Some of the comments made me aware of theaters I never knew existed, even though they were within a few miles of my house. Some had gone out of business when I was a baby. Of course, many would follow over the years as the business model evolved to favor multiple-screen theaters and video rental.
If you’re curious, here are a few excellent online sources for Cleveland movie theater history: Cleveland and It’s Neighborhoods, Cinema Treasures and, for those who frequented the Variety Theater on Lorain Avenue, After the Final Curtain, Friends of the Historic Variety Theater and Westown Community Development Corporation.
I’ll share a few of the posts here, minus the names. I realize that people who post on Facebook shouldn’t expect anonymity, but I have a bad habit of respecting people’s privacy. (That was a serious handicap when I was a journalist.)
§ The Madison Theatre was where we, my brothers and I, went to the most. Loved those Slo Poke suckers.
§ I used to live on Rocky River Drive. Used to go to the Riverside often. Used to cut behind and down the alley to get to school. There used to be a little donut shop on Rocky River Drive very near Lorain Road. This little old man used to run it. He had to be close to 80, or at least it seemed so when I was a kid.
§ We did drive-in shows. Memphis, Autorama, Canal Road, Cloverleaf, Pearl Road.
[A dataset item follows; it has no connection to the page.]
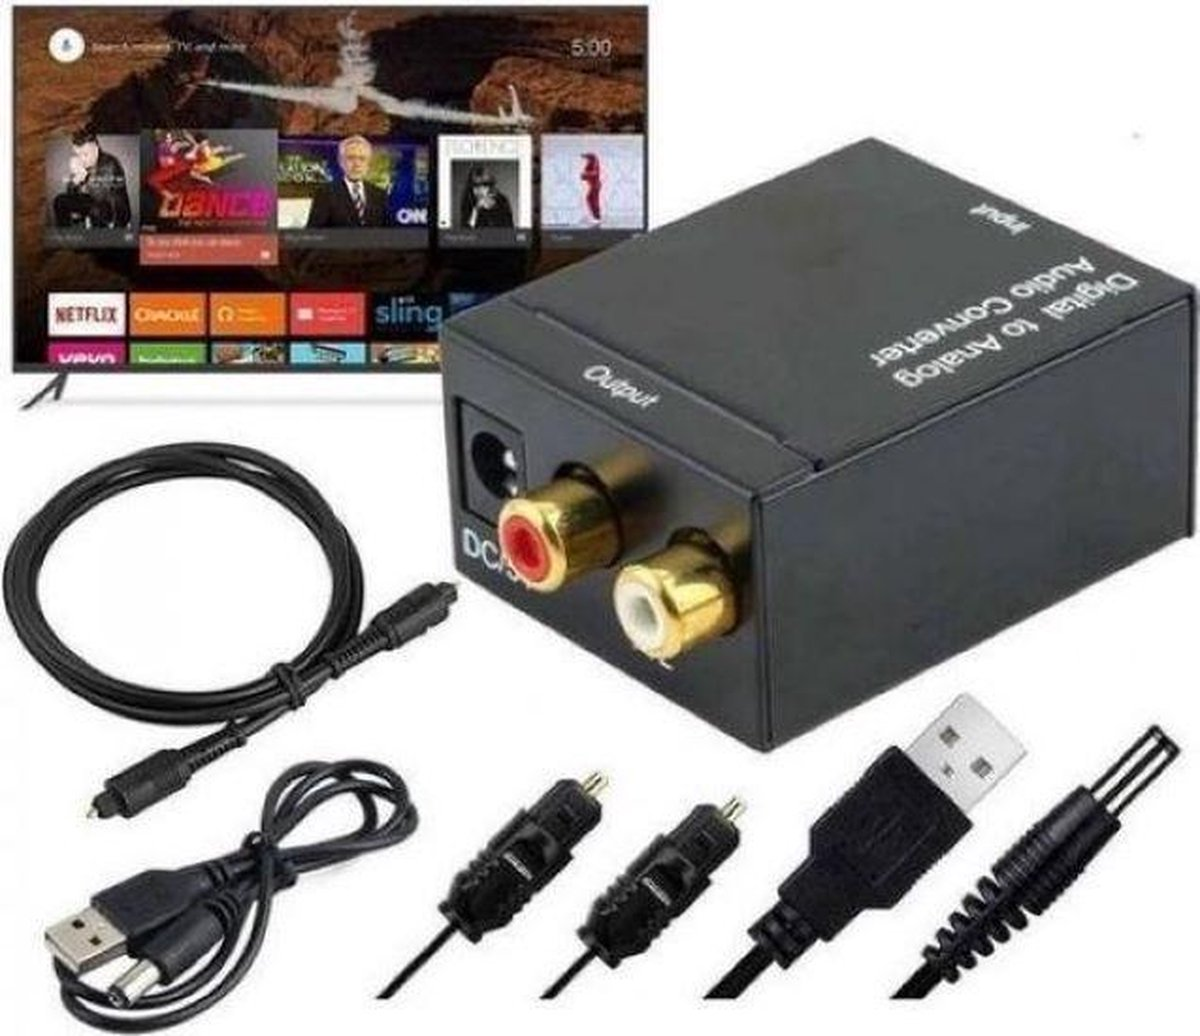 Digital Audio Converter (DAC) inclusief kabels   Digitaal Naar Analoog    Optical USB   Coaxiaal   DAC    Digitaal Toslink naar rood/wit
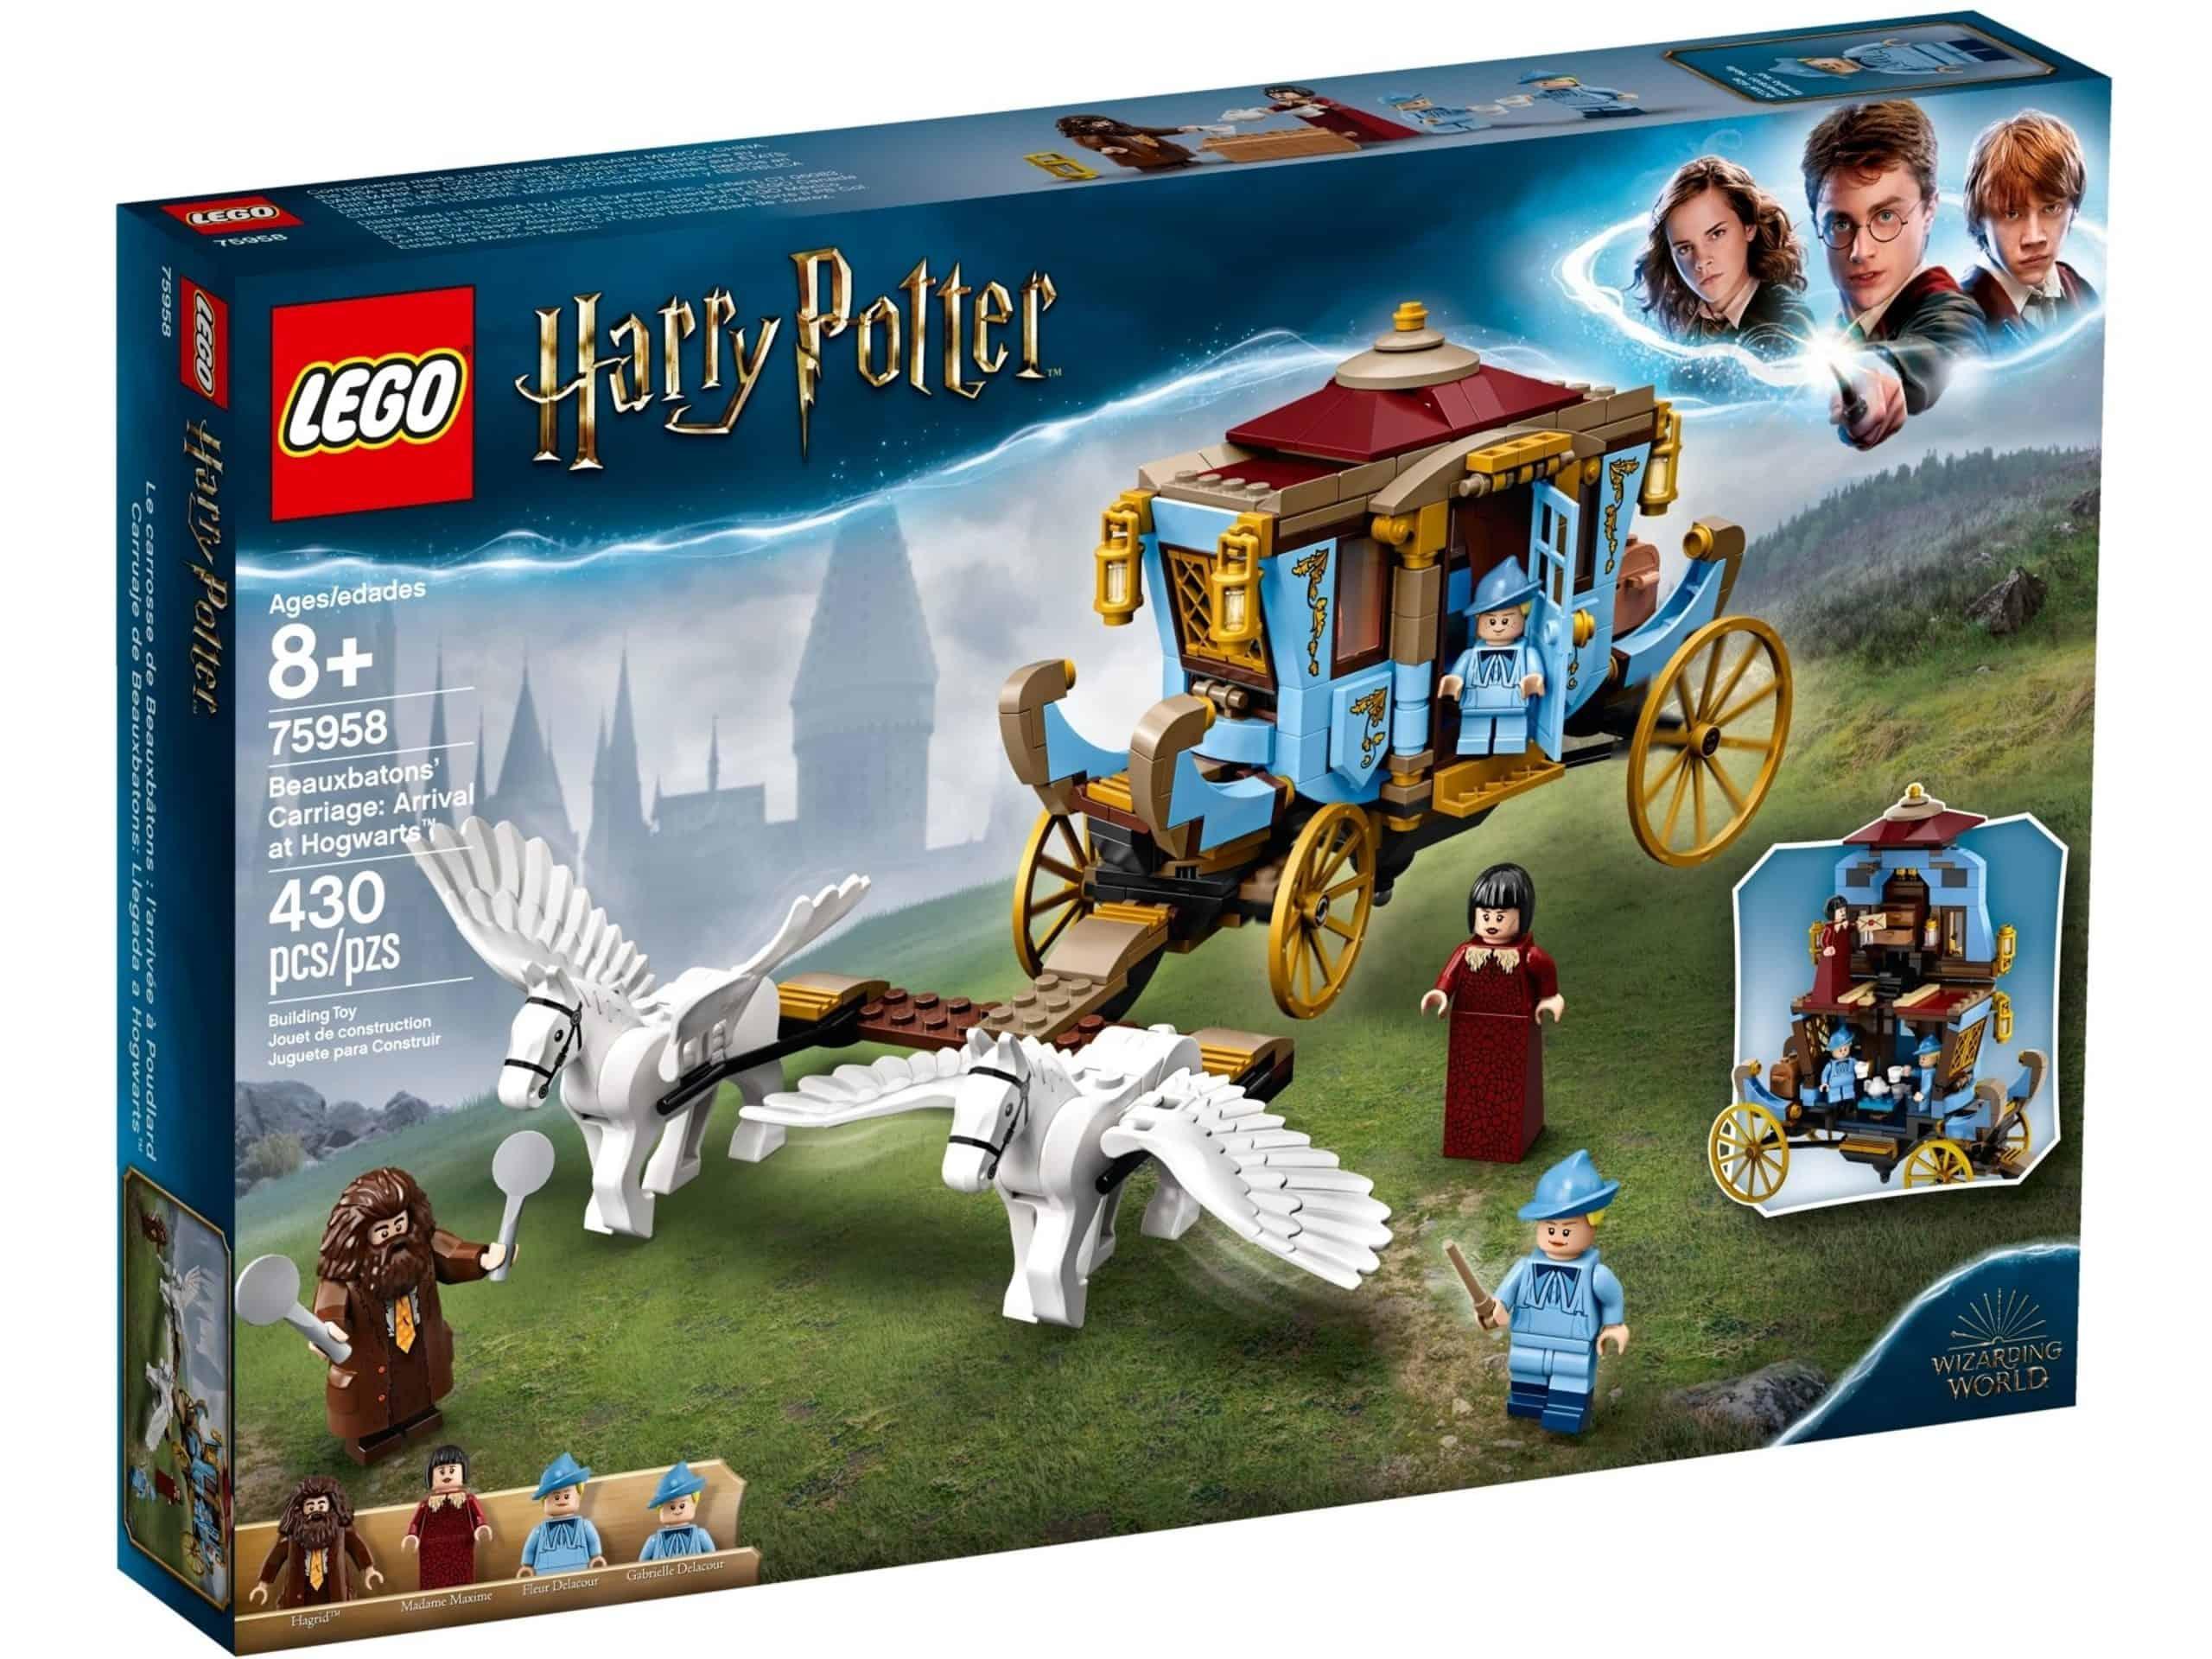 lego 75958 kutsche von beauxbatons ankunft in hogwarts scaled

§ Broadview Theatre, Canal Road Drive-In, Cloverleaf Drive-In, and Memphis Drive-In. I recall as a kid seeing the original “Night of the Living Dead” at the drive-in and being so very scared, even when I was in my own bedroom.
§ I miss the old theaters, sitting in the seat in front of the big screen and seeing a matinee … eating popcorn. Those were the days … smelling the popcorn popping. So sad it’s all gone now.
§ The Lorain Theater on 45th and Lorain. We called it the rat hole due to rats running across the stage when you were watching the movie. (I mentioned stories of rats in the previous blog post.)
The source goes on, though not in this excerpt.